**WORK REQUEST:**
Restate word for word the entries below, starting with the line with "NEW BALANCE W890SP3" and continuing through the line with "polo ralph lauren". Include both of those lines and no others.

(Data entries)

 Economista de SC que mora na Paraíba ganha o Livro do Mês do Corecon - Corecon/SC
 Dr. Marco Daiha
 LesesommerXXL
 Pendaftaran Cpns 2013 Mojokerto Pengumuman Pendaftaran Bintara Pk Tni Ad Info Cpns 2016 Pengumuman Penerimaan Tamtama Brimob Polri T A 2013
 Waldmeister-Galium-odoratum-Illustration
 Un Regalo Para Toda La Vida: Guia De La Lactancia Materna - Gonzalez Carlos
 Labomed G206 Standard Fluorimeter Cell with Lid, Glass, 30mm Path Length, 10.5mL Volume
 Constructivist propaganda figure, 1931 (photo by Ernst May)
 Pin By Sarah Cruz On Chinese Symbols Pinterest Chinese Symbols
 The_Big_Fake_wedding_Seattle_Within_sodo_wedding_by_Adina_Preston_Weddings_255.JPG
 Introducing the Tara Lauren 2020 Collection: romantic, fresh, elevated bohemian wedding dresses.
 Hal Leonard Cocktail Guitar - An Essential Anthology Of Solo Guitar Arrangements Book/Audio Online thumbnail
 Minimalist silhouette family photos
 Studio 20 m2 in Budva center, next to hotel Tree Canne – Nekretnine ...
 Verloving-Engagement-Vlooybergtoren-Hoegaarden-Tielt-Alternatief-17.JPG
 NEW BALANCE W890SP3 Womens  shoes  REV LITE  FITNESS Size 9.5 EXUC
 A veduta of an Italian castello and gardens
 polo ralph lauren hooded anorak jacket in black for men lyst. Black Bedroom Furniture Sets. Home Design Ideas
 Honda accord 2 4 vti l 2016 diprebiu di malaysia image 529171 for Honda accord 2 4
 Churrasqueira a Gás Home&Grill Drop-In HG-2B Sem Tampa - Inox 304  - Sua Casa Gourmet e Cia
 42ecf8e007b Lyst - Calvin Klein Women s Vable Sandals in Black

**EXERCISE RESPONSE:**
 NEW BALANCE W890SP3 Womens  shoes  REV LITE  FITNESS Size 9.5 EXUC
 A veduta of an Italian castello and gardens
 polo ralph lauren hooded anorak jacket in black for men lyst. Black Bedroom Furniture Sets. Home Design Ideas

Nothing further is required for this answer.